- Born: June 20, 1975 (age 51) Neskaupstaður, Iceland
- Genres: Classical
- Occupations: Musician, professor
- Instrument: Flute
- Member of: Berlin Philharmonic Orchestra
- Formerly of: Metropolitan Opera Chicago Symphony Orchestra

= Stefán Ragnar Höskuldsson =

Icelandic flutist (born 1975)

Stefán Ragnar Höskuldsson is an Icelandic classical flutist. He is one of the principal flutists of the Berlin Philharmonic Orchestra.

==Career==
Stefán began learning the recorder at the age of 6 before switching to the flute. He studied at the Reykjavík College of Music with Bernhard Wilkinson from 1988 to 1995, and later at the Royal Northern College of Music with Peter Lloyd.

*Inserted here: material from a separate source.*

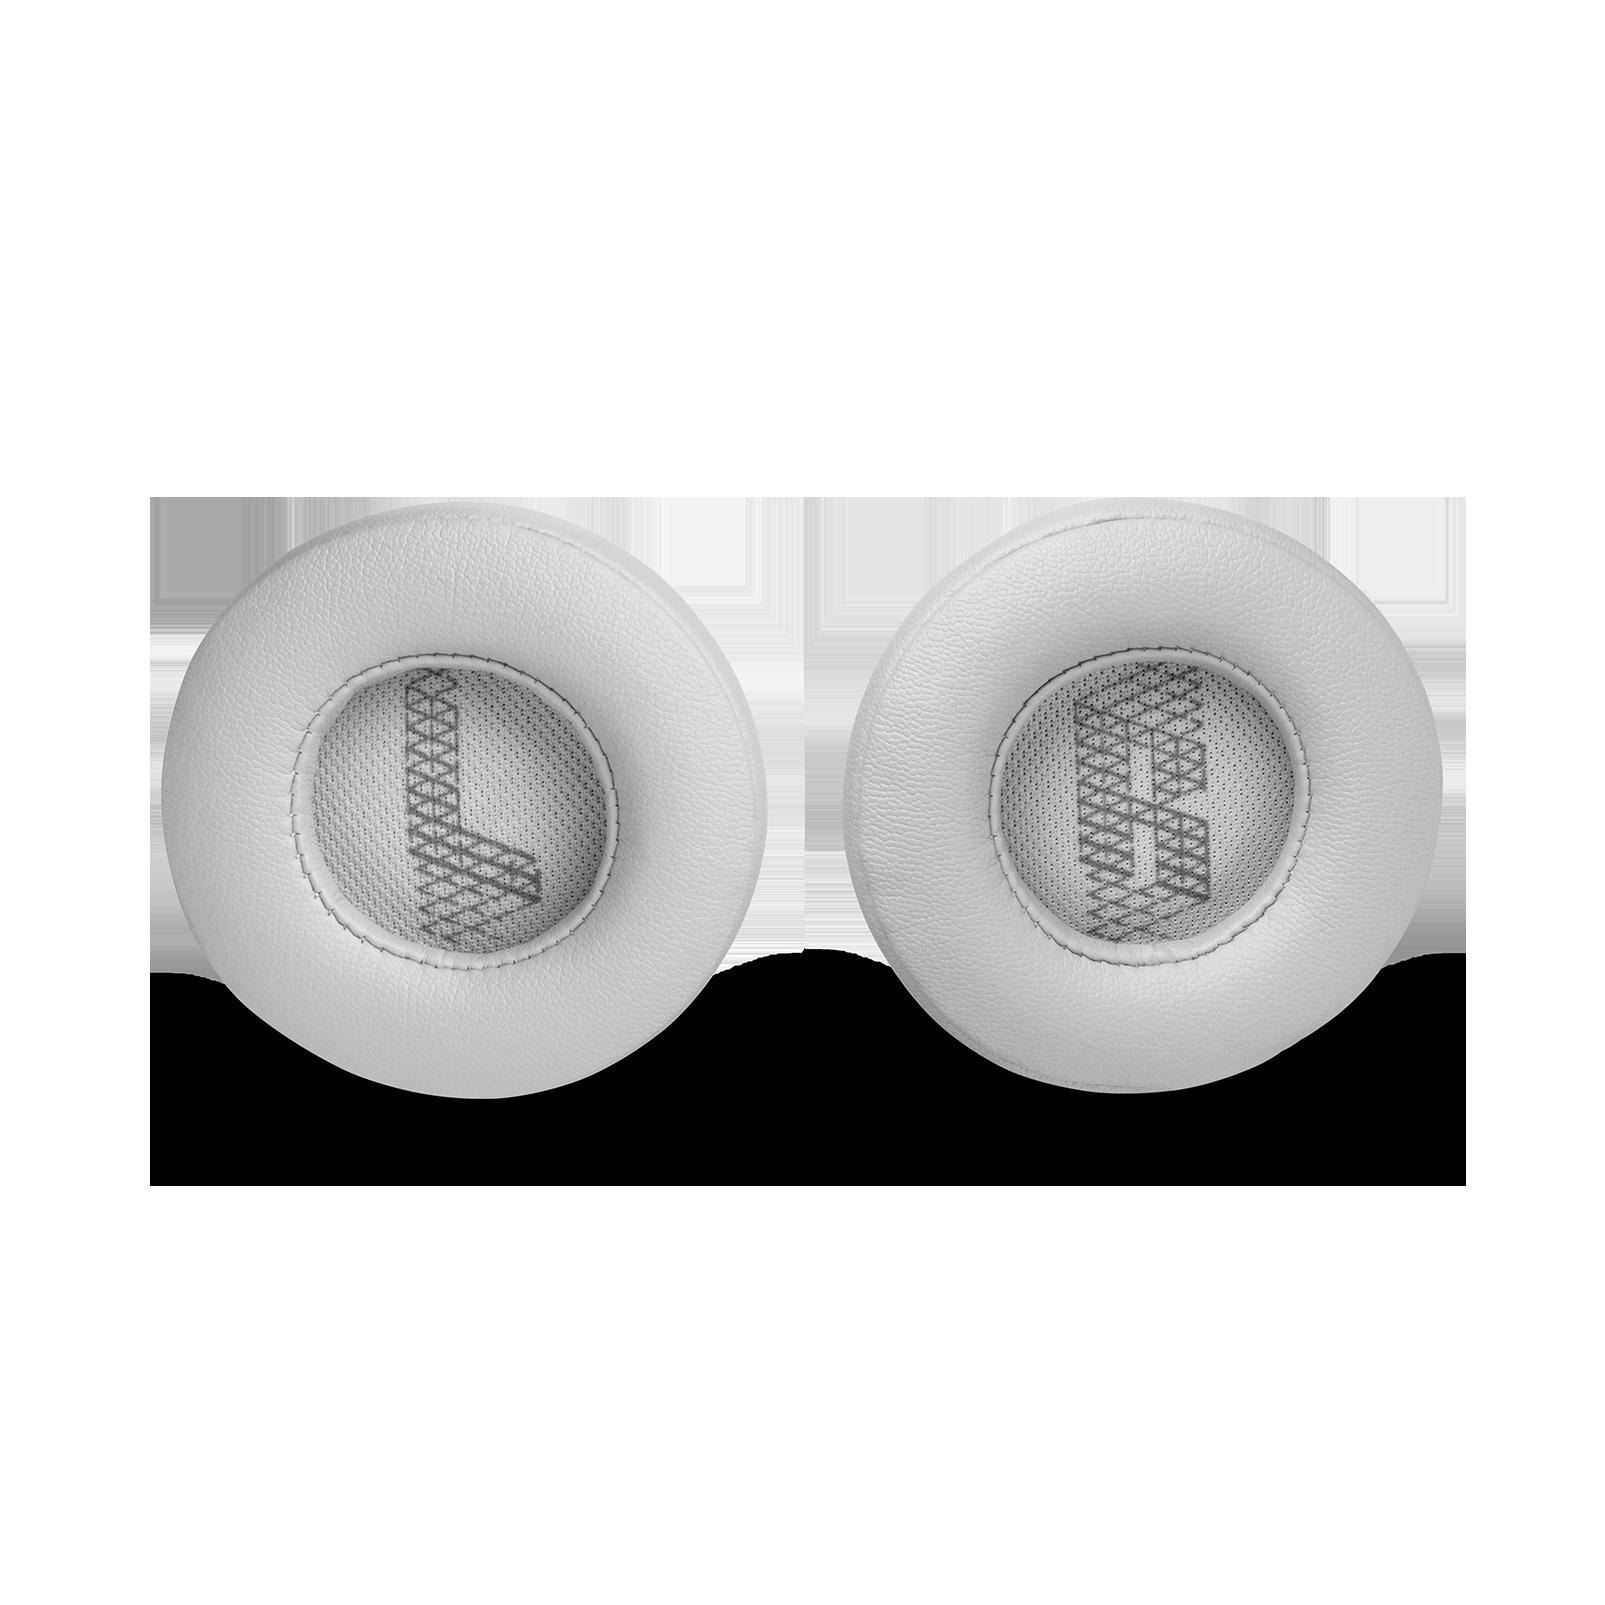 JBL Ear pads for Live 400 - White - Ear pads (L+R) - Hero

He has been principal flute of the Metropolitan Opera from 2008 to 2016, and of the Chicago Symphony Orchestra from 2015 to 2025.

In December 2025, he replaced Sébastian Jacot as principal flute of the Berlin Philharmonic Orchestra. He passed the probationary period in July 2026 and became an official member of the orchestra.

He also teaches at the DePaul University School of Music and the Pacific Music Festival. He performs on Emanuel flutes and worked with Emanuel Arista in developing a modern headjoint.